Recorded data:
════════
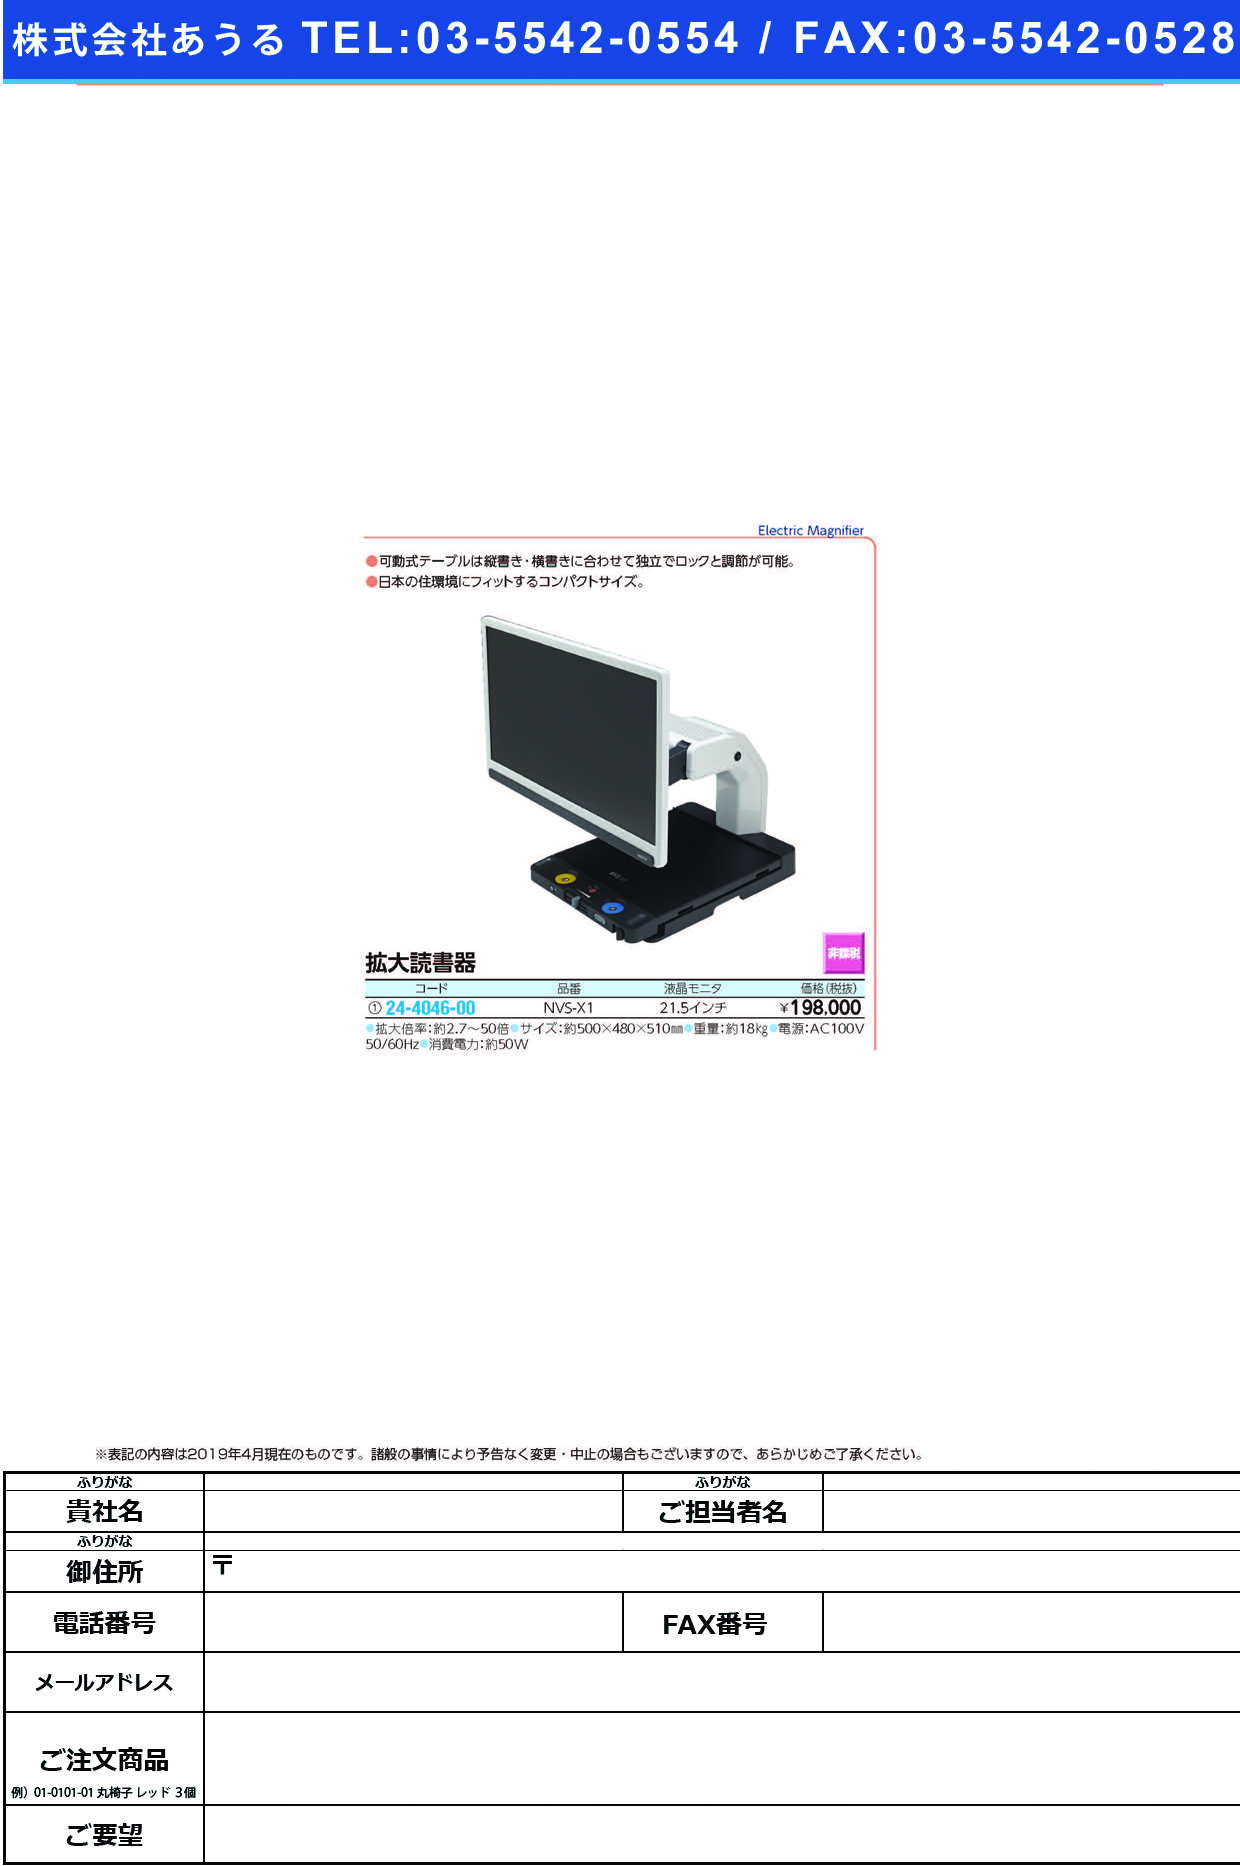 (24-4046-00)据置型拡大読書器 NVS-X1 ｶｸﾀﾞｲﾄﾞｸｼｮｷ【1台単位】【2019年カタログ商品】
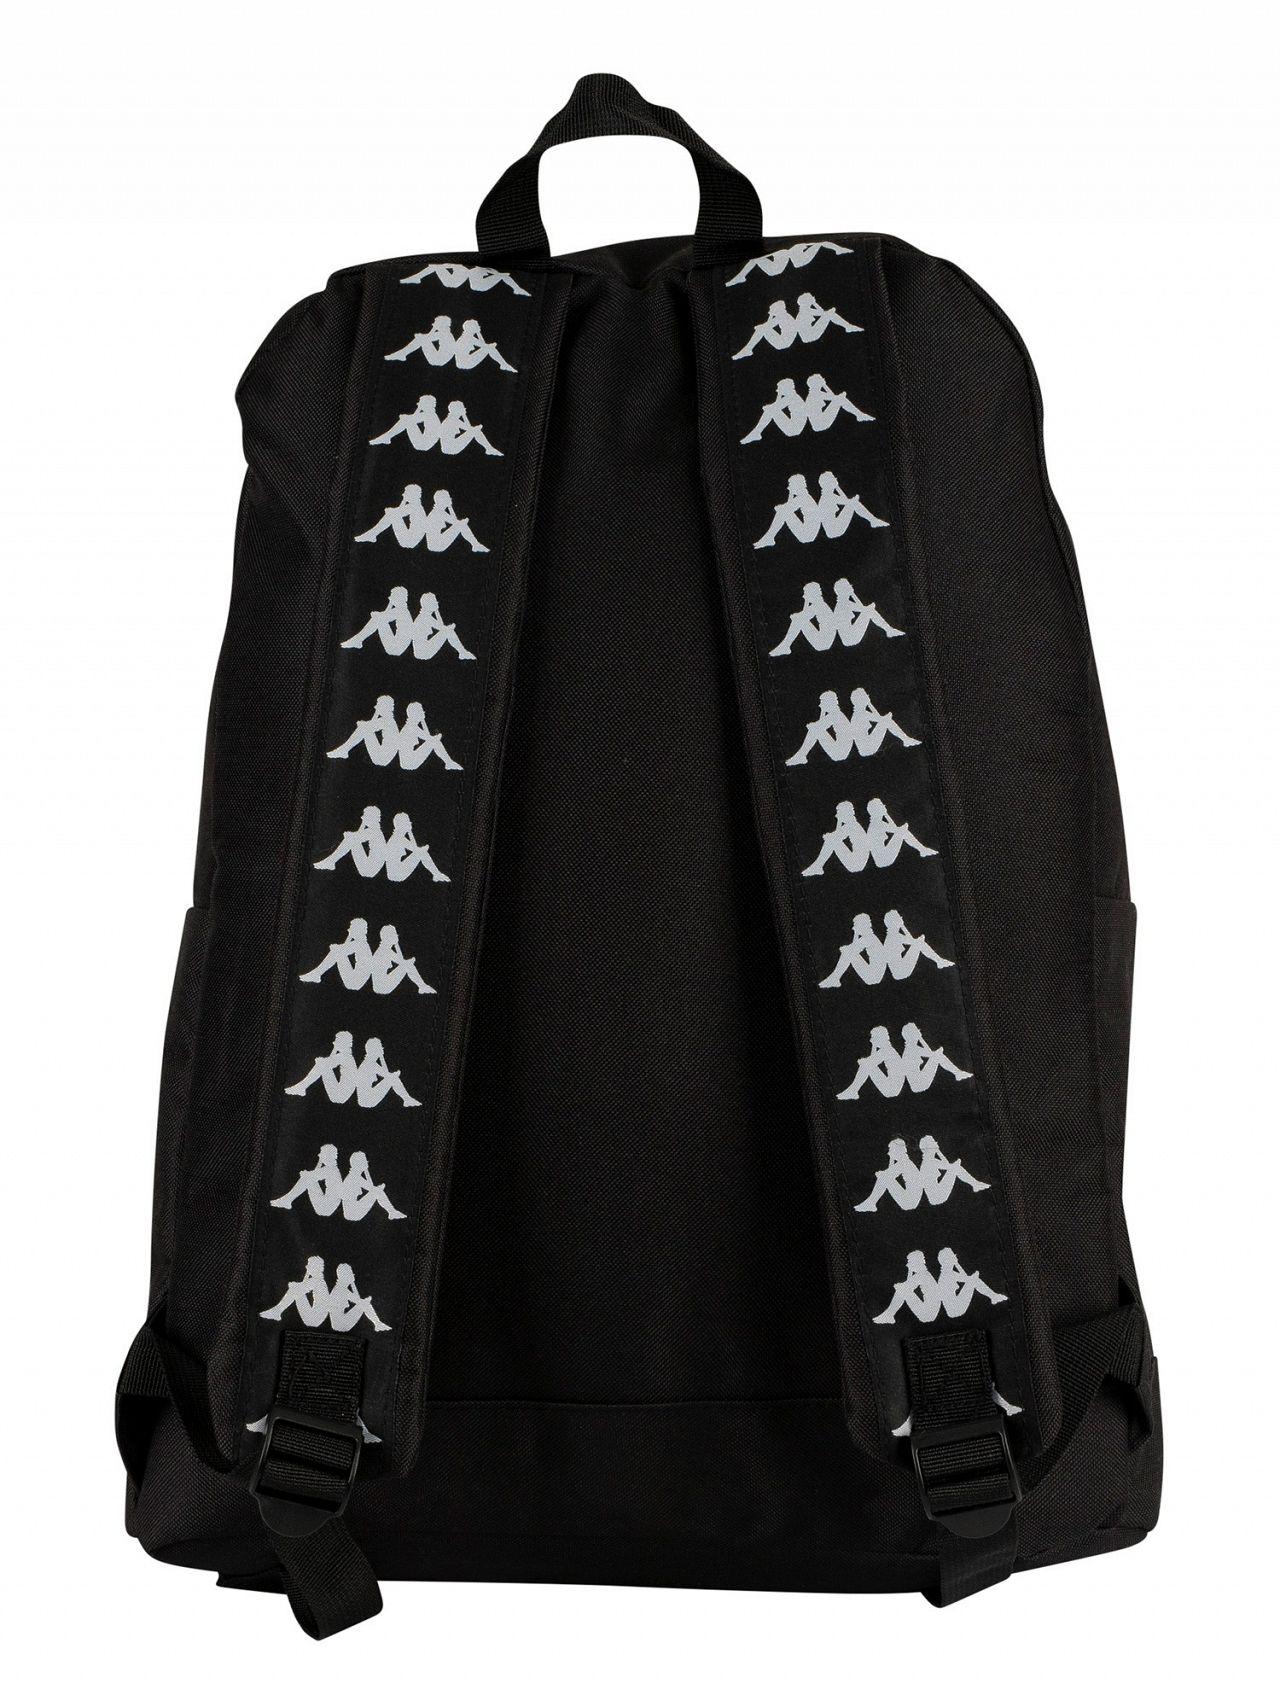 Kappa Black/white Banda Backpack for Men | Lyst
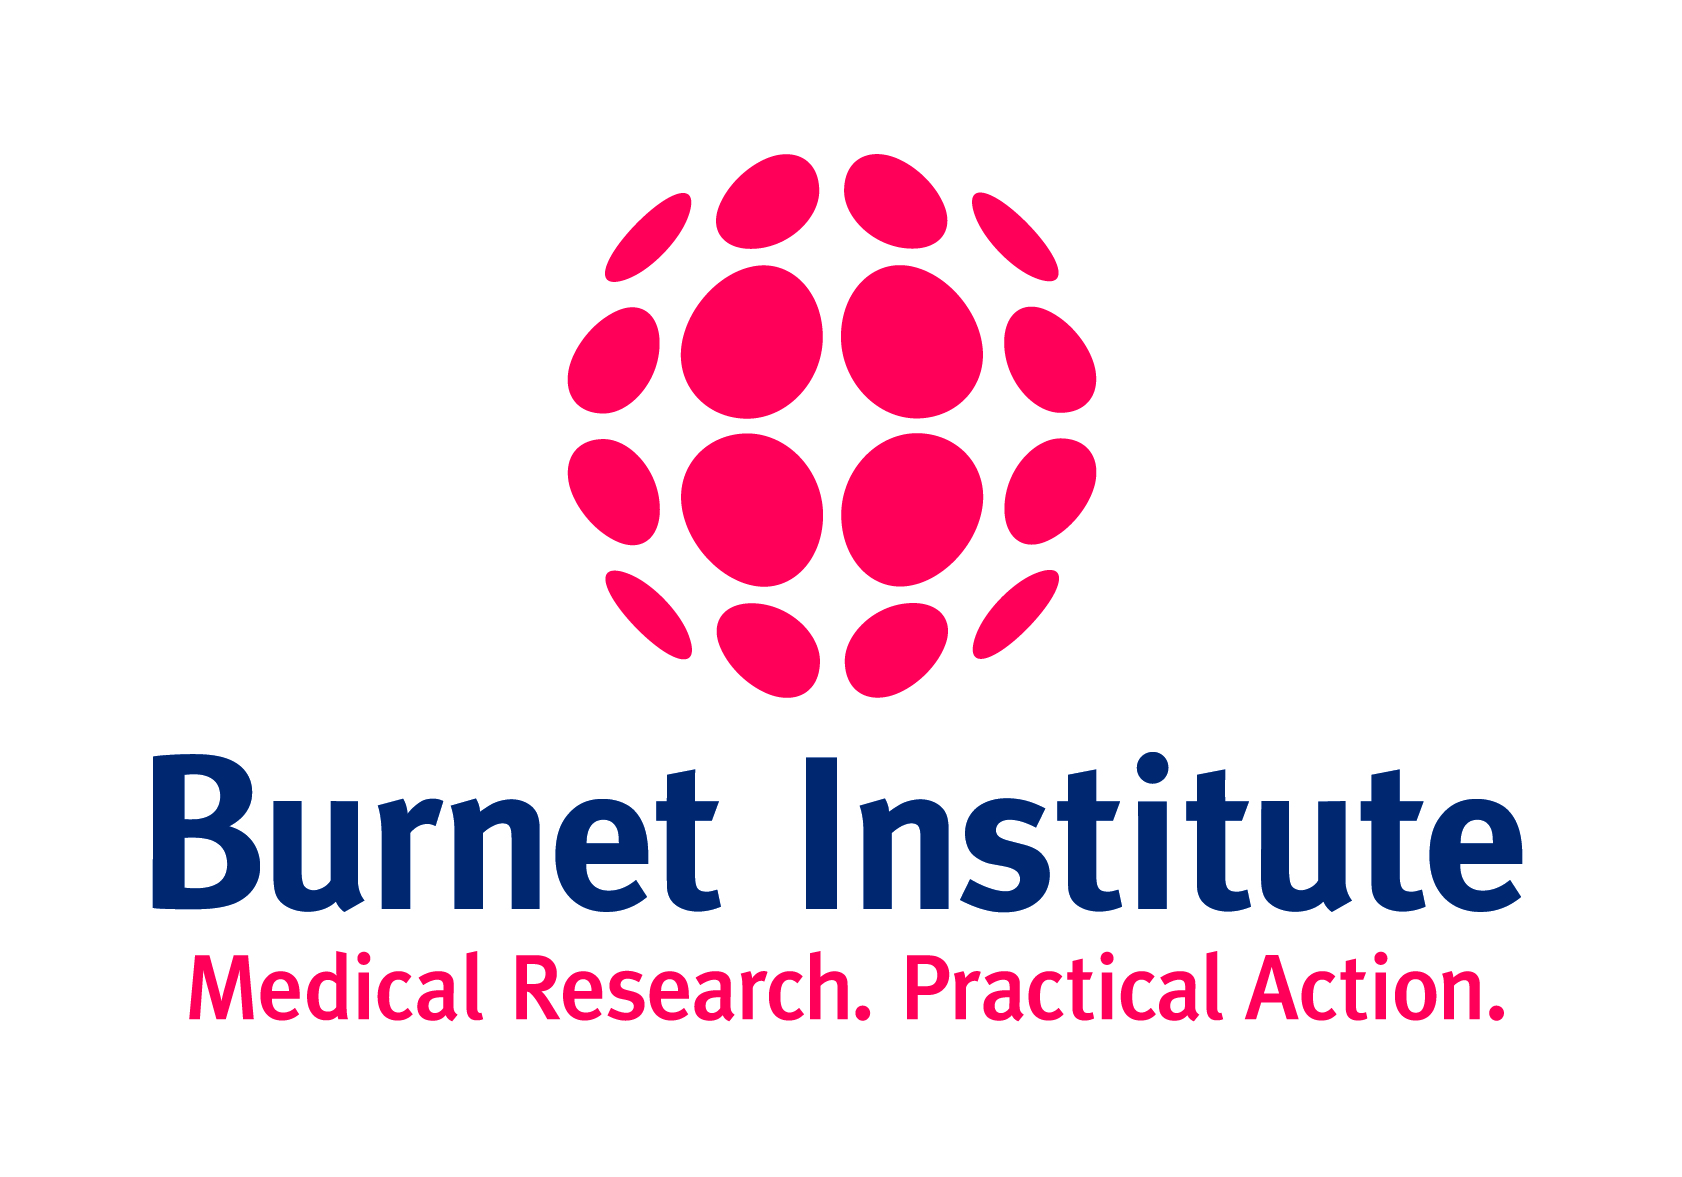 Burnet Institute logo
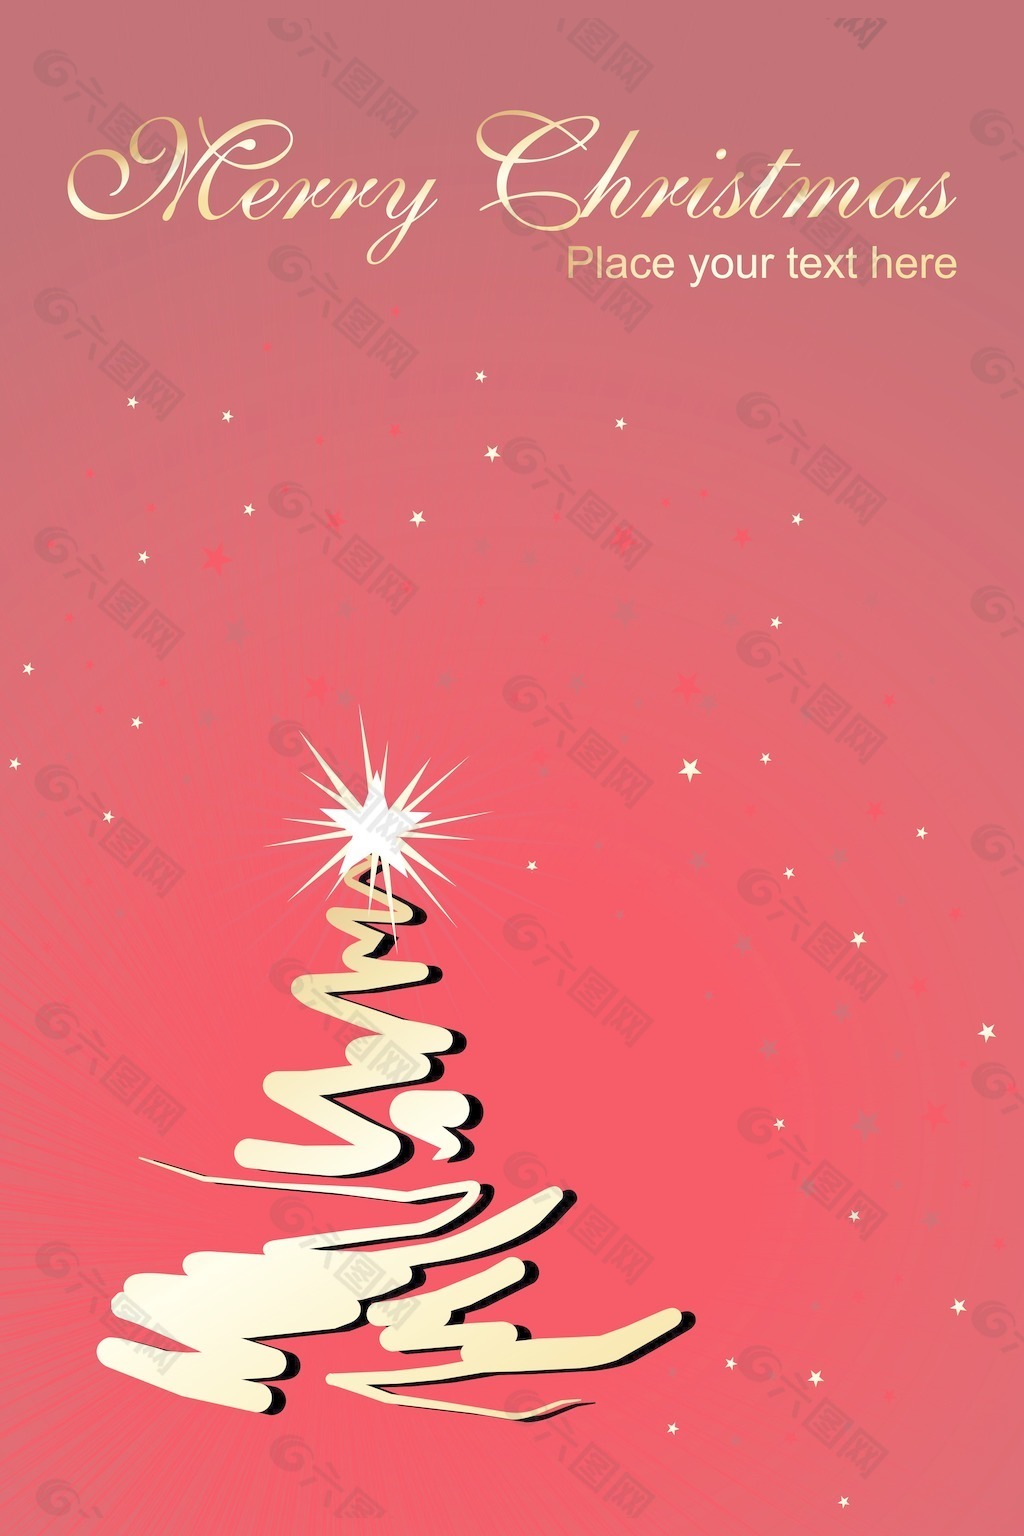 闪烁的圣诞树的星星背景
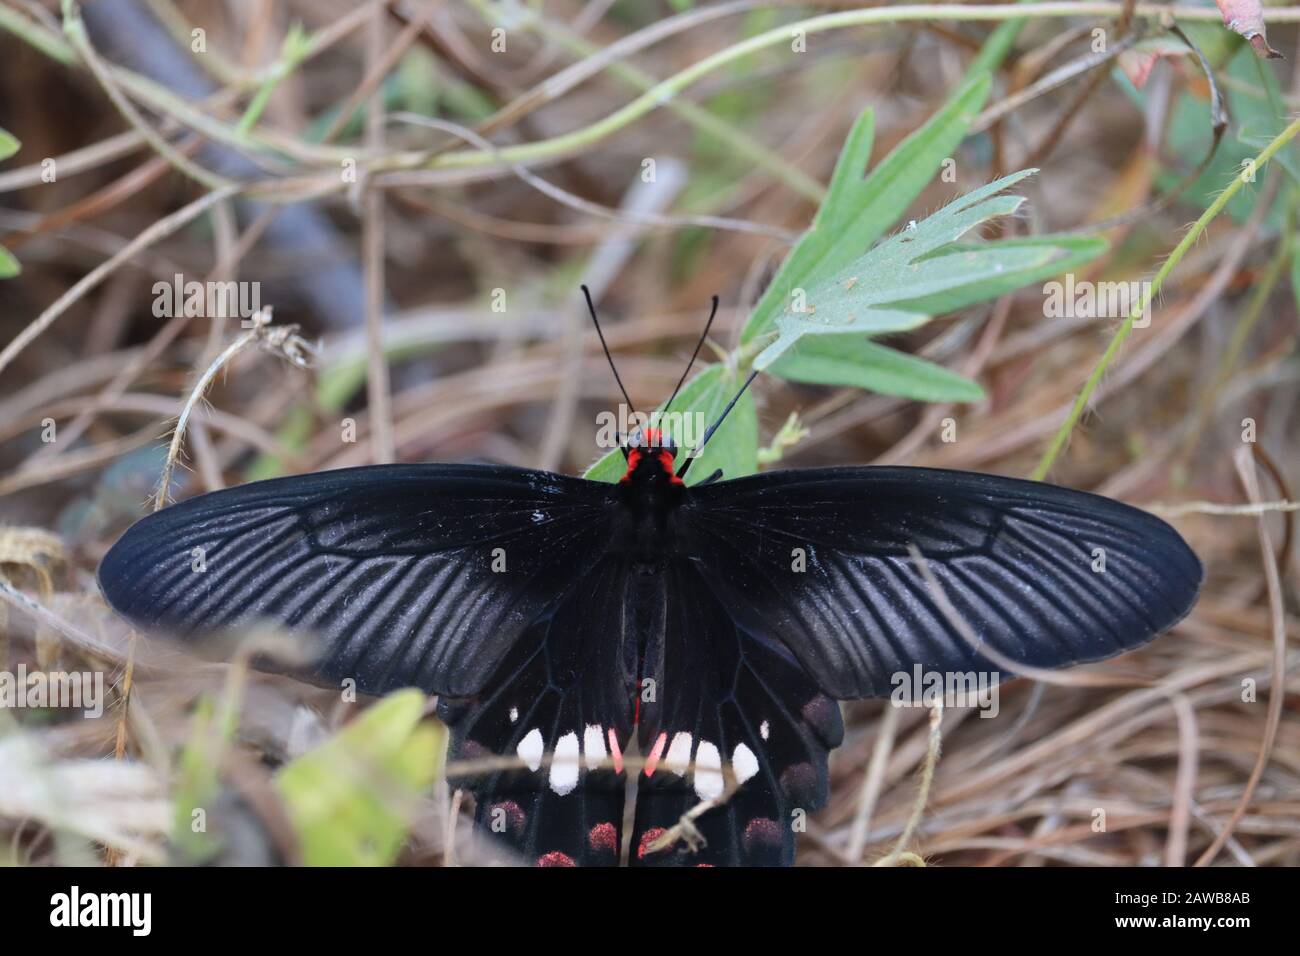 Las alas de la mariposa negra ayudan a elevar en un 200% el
════════
Assignment:
The lines to be quoted run from the line containing "Burnet Institute logo" through the end of the entries above, both included; quote them exactly and leave out any pictures.

Answer:
 Burnet Institute logo
 闪烁的圣诞树的星星背景
 Las alas de la mariposa negra ayudan a elevar en un 200% el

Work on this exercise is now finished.